Just as fast as you could say Vincent LeCavalier, Melrose was back on ESPN less than two months after his Tampa Bay dismissal and moved on with his television career analyzing the NHL like nothing ever happened.

But Melrose's time on the Lightning bench interrupting a lenghty television career remains one of the stranger stories in recent memory.  And it just so happens Barry Claus dropped a Christmas gift off at ESPN.com with a published excerpt about his Lightning tenurefrom an autobiography Melrose released this fall.  In the excerpt, Melrose confirms what we all knew – it was never going to work from the start.

"Tampa Bay was an impossible scenario for a coach. The players knew it was a screwed-up situation, and I knew it was a screwed-up situation. The owners knew I wasn’t going to change, and I knew they weren’t going to change. After a short period of time, they decided I wasn’t the type of guy they wanted to run their team. I think they consulted with the players. The players didn’t really like the way I was doing things, either, so it was an easy thing for them to let me go.  

Today’s players are very powerful. When I coached the L.A. Kings in 1993, there was one millionaire on the team. In Tampa Bay in 2008, there was only one guy on the team who wasn’t a millionaire. 

[…]

You can’t have it both ways as a coach. You can’t be a disciplinarian and a buddy. You can’t be disciplining guys, trying to convince them to do what you want, and have them out socializing with the owner.
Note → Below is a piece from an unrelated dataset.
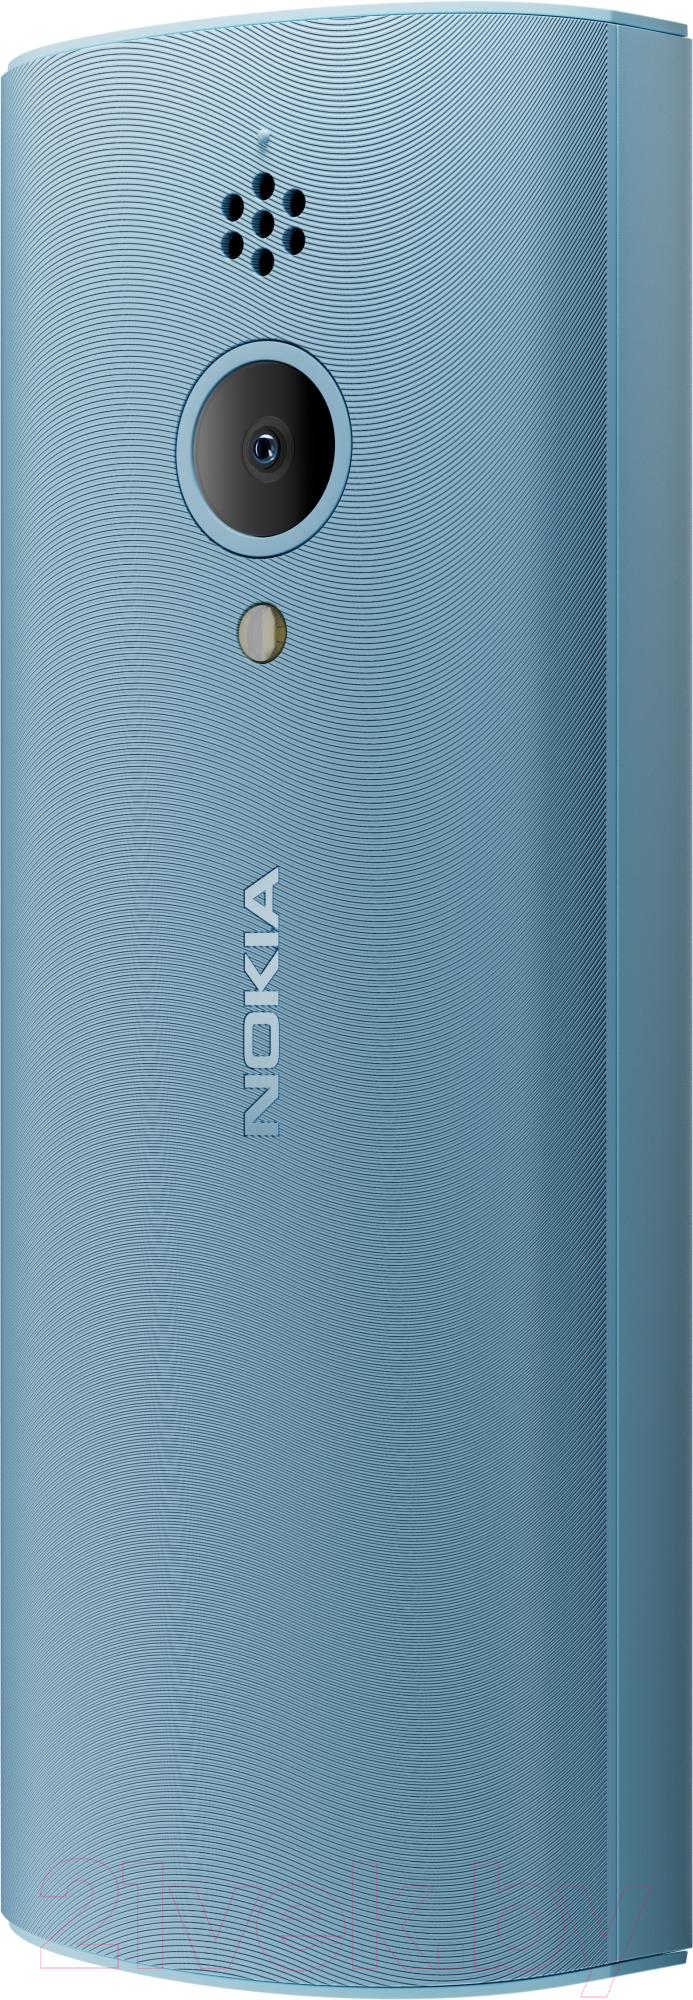 Мобильный телефон Nokia 150 DS / ТА-1582

My termination was the right call because it wasn’t going to work and everyone could see that.

Calling it quits early was probably the best thing for me, because I could get on with my life without a long interruption, and could pick up with ESPN where I left off."

A couple questions immediately come to mind.  Why would ESPN.com publish an excerpt from Melrose's book more than two months after it was released.  Also, why would you publish it on Christmas Day if you were hoping to draw any publicity for it?  Honestly, I had no idea Barry Melrose even wrote a book until I saw a tiny headline well down the ESPN.com front page last night.  You would have thought Barry Claus would have found a way to get more publicity for his autobiography than the days of hype ESPN gave Billy Crystal for Parental Guidance.  Oh well.

Regardless, it seems like those wounds haven't fully healed as Melrose still does his best to deflect the blame onto owners and players while sliding in the fact that he knew it was a "screwed-up situation."  Melrose is good on television and he never should have left in the first place.  His TV career at ESPN has lasted more than four times longer than his tenure as an NHL coach.  Being dismissed from Tampa Bay and returning to Bristol was the best option for all involved.  

Besides, dressing up as Santa Claus and handing out imaginary presents for the purposes of television and making sporadic appearances on the rare chance ESPN talks hockey has to be a much less stressful life for Barry Melrose.